Dépôts sauvages à Vaulx-en-Velin : la ville sort les appareils photo et durcit les amendes
Un canapé abandonné au pied d'un immeuble, des gravats déversés en lisière d'un espace naturel, des sacs éventrés près d'un local à poubelles : ces images, la Ville de Vaulx-en-Velin en a assez de les payer. Selon la municipalité, plus de 350 000 euros sont dépensés chaque année pour enlever et traiter les dépôts sauvages sur son territoire, qu'ils se trouvent dans les quartiers ou dans les zones de nature. Un montant qui a justifié, annoncé le 5 août, un tour de vis sur les sanctions.
Des capteurs photographiques ont été installés à divers points de la commune. Leur rôle : identifier les auteurs d'infractions pour permettre leur verbalisation. Les amendes encourues grimpent désormais jusqu'à 2 250 euros pour les professionnels et 1 500 euros pour les particuliers, auxquels s'ajoute la facture de l'enlèvement et du traitement des déchets. Ce durcissement local s'inscrit dans un mouvement national : depuis le 5 juin 2026, la loi a également relevé les amendes forfaitaires pour abandon de déchets, qui peuvent atteindre 135 euros par objet abandonné, contre des montants nettement inférieurs auparavant, selon le ministère de la Transition écologique.
Reste que l'usage de pièges photographiques par les communes navigue dans un flou juridique. Contrairement à la vidéoprotection classique, encadrée par le code de la sécurité intérieure, ces dispositifs ne disposent d'aucun cadre législatif dédié. Le ministère de la Justice a précisé que leur déploiement dans une enquête pénale suppose en principe une autorisation du procureur ou d'un juge, ce qui a conduit plusieurs élus, dont le sénateur Stéphane Le Rudulier, à réclamer une loi plus précise sur le sujet.
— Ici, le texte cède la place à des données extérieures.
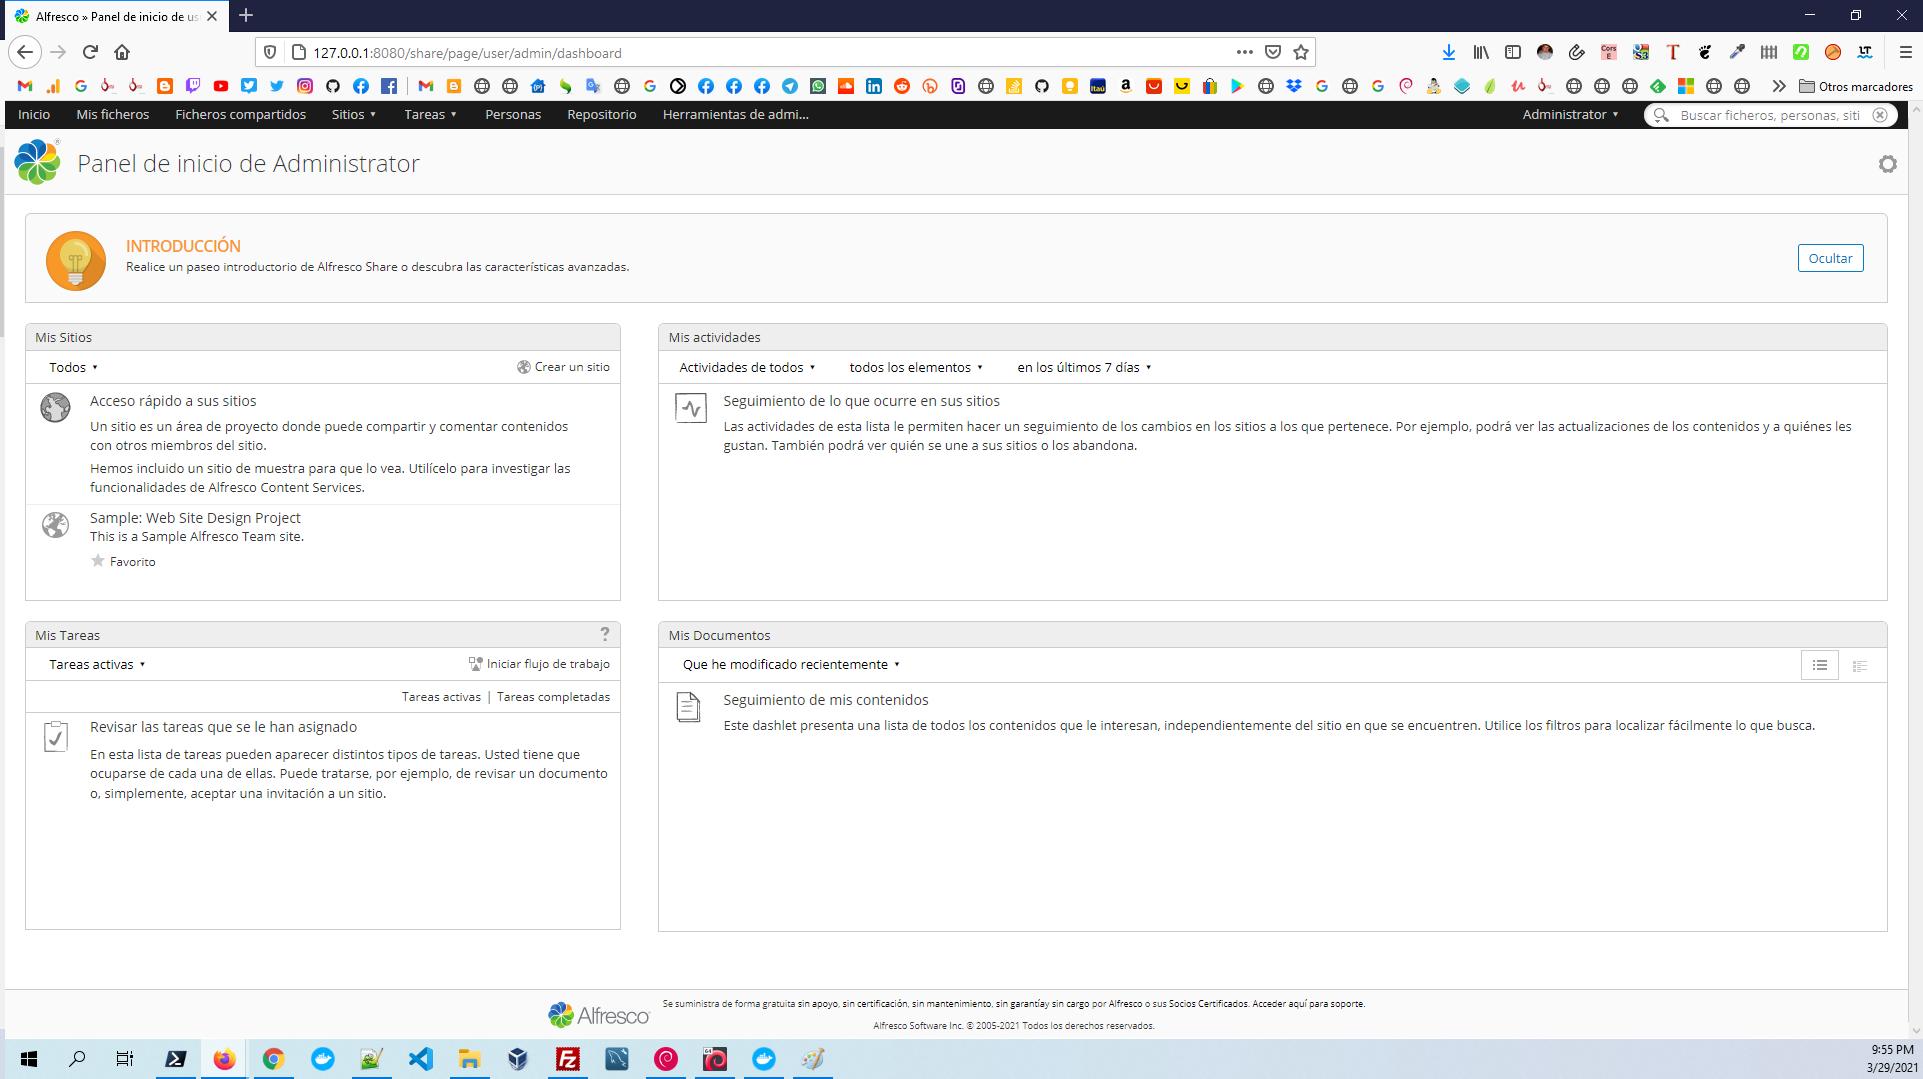 Alfresco Community Edition 7.0 - share

L'association de collectivités Amorce plaide de son côté pour un plan national contre les dépôts sauvages, jugeant les communes insuffisamment équipées et outillées pour sanctionner efficacement ces infractions, un constat partagé par plusieurs élus ruraux qui dénoncent l'ineffectivité des poursuites une fois l'auteur identifié.
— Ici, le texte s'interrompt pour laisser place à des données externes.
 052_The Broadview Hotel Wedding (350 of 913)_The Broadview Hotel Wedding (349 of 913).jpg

À Vaulx-en-Velin, la municipalité mise aussi sur les alternatives légales et gratuites pour éviter les dérives. La déchèterie donnerie de la commune, ouverte du lundi au samedi de 8h30 à 12h, accueille les habitants sans frais. La Métropole de Lyon propose en complément un service de collecte à domicile des encombrants et du gros électroménager, accessible sur rendez-vous auprès du service Allo'Vaulx ou directement en ligne, limitant les excuses pour se débarrasser d'un vieux matelas sur le trottoir.
Reste à voir si la multiplication des amendes suffira à faire reculer un phénomène qui, à Vaulx-en-Velin comme ailleurs dans la métropole, dépend autant de la sévérité des sanctions que de la facilité d'accès aux solutions légales.